● **What needs to be done**
In the records below, find the line with "Bowling for Columbine", then copy each line exactly until you have copied the line with "With our velvet". Leave any picture out.

● **Material for this task**
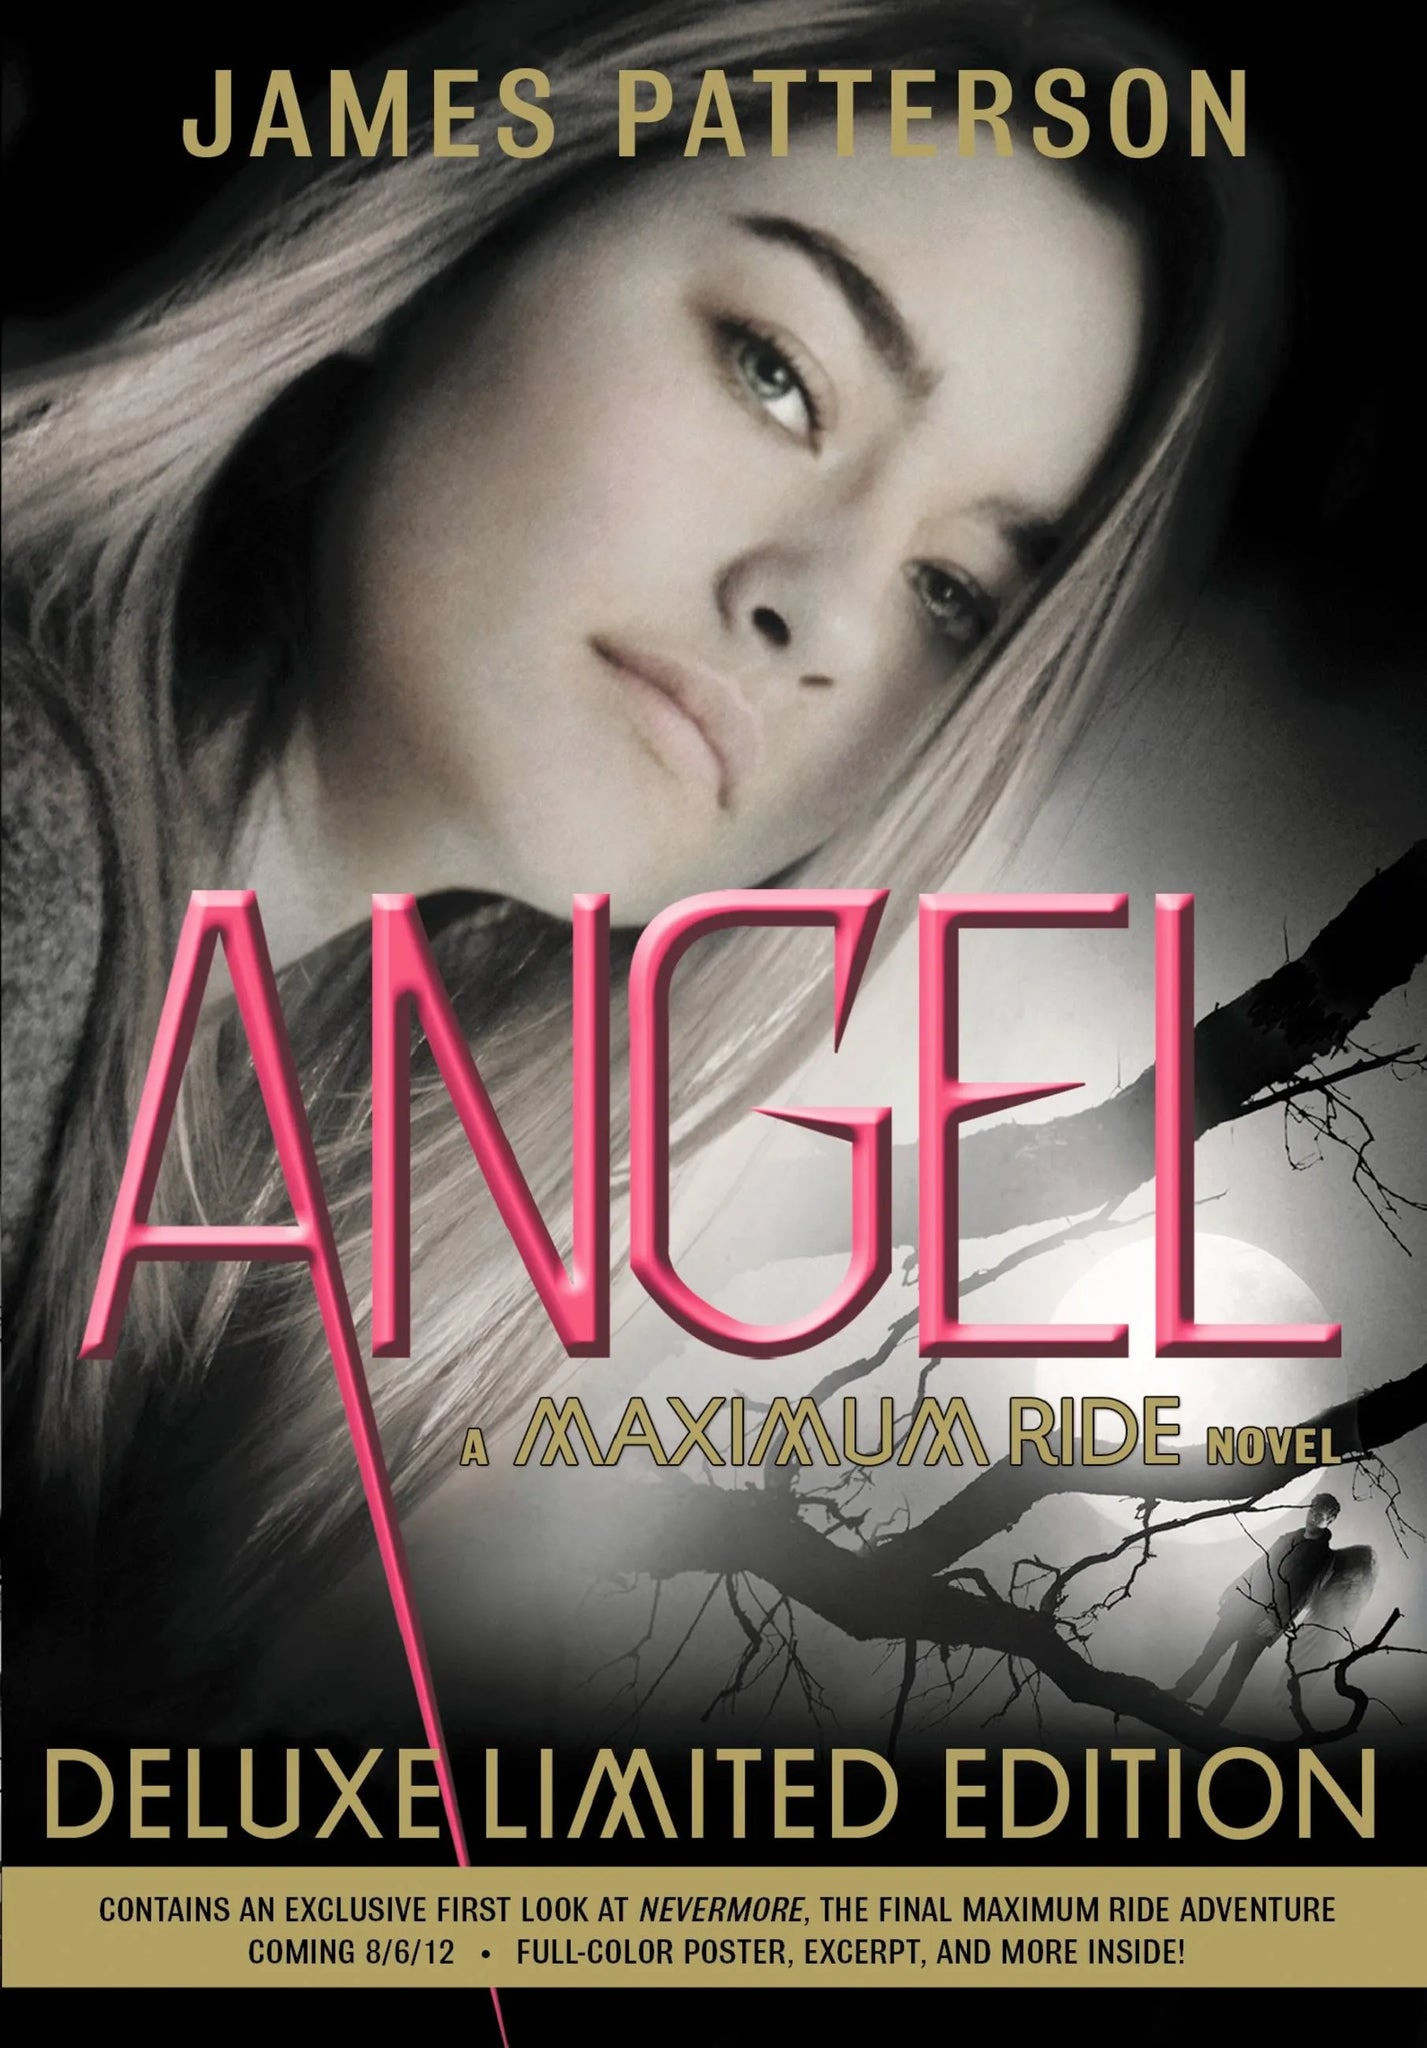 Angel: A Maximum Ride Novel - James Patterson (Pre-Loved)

--

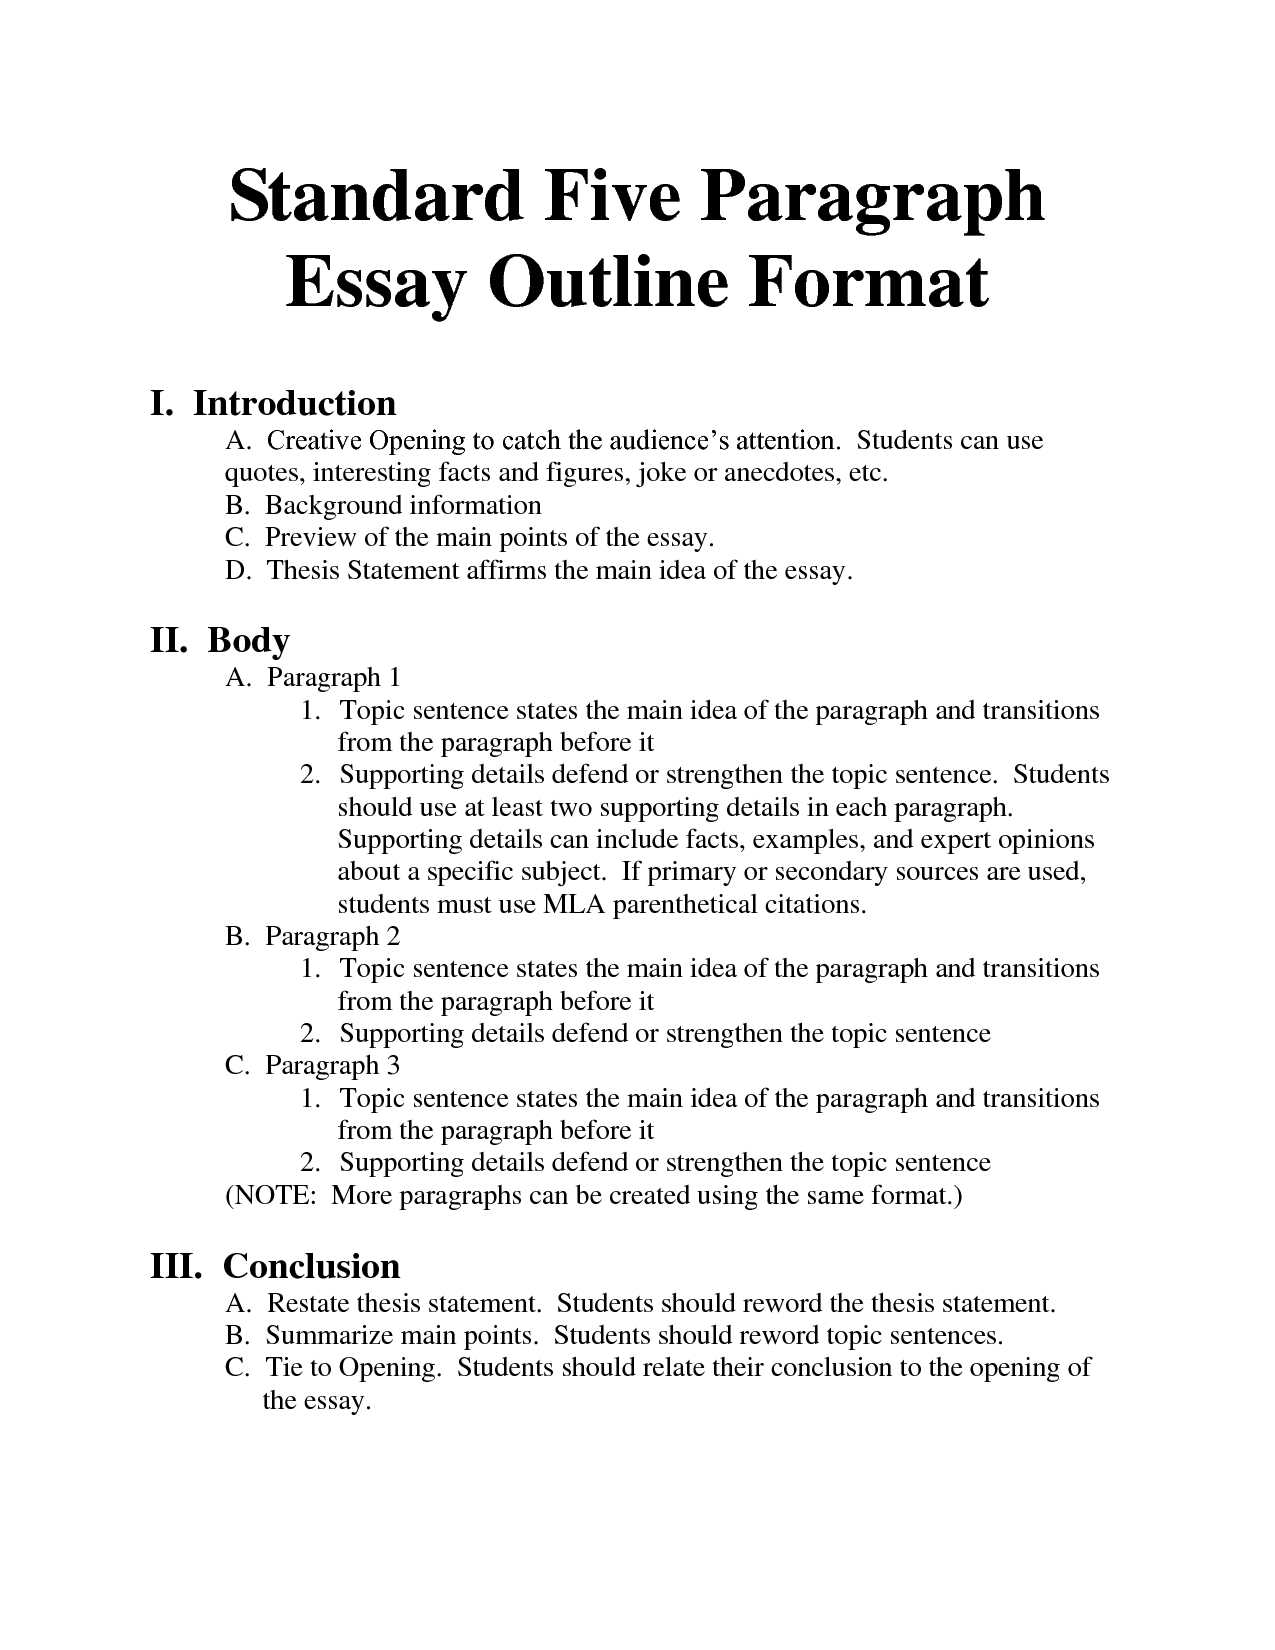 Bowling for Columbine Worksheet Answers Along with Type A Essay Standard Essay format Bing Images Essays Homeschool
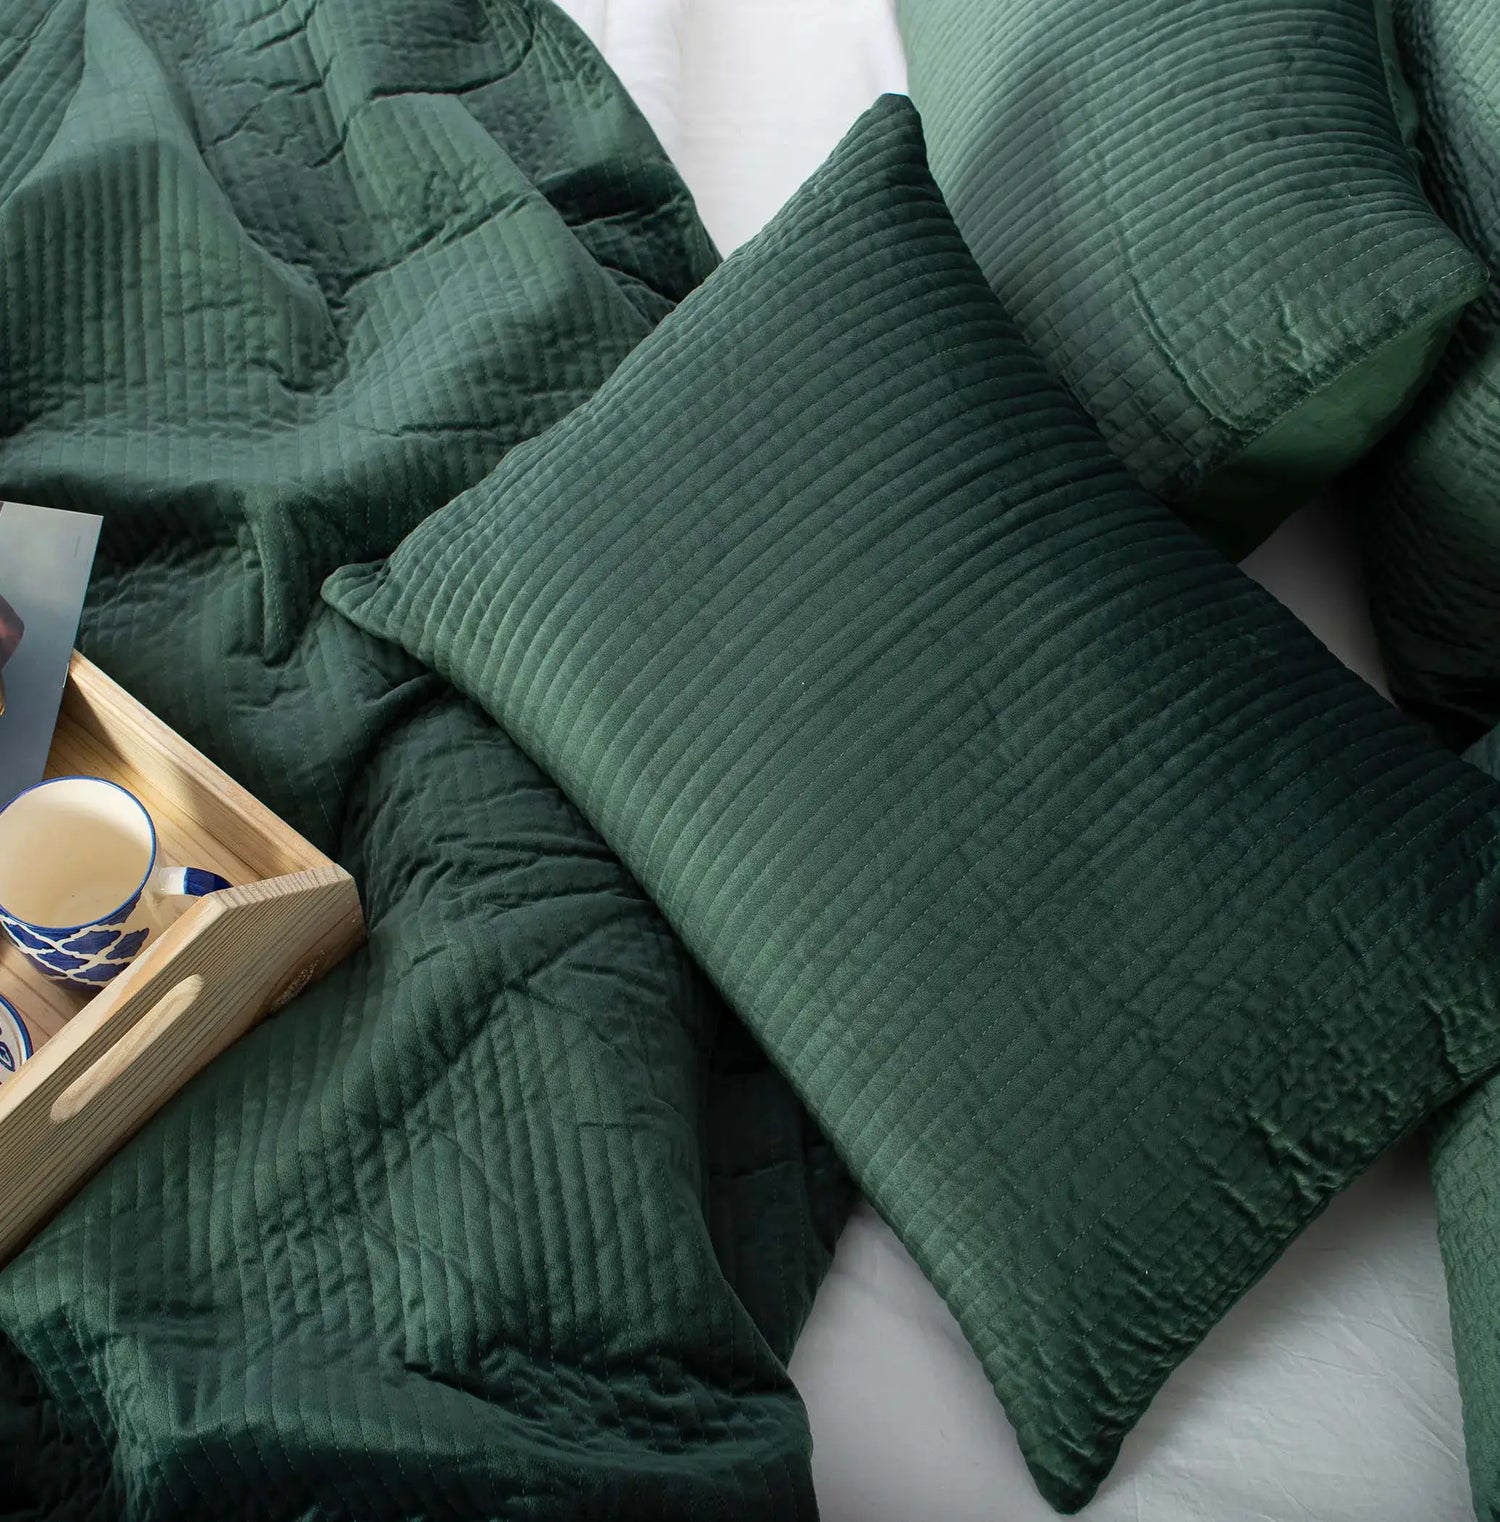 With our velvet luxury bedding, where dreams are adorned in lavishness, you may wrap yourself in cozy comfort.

● **Exercise answer**
 Bowling for Columbine Worksheet Answers Along with Type A Essay Standard Essay format Bing Images Essays Homeschool
 With our velvet luxury bedding, where dreams are adorned in lavishness, you may wrap yourself in cozy comfort.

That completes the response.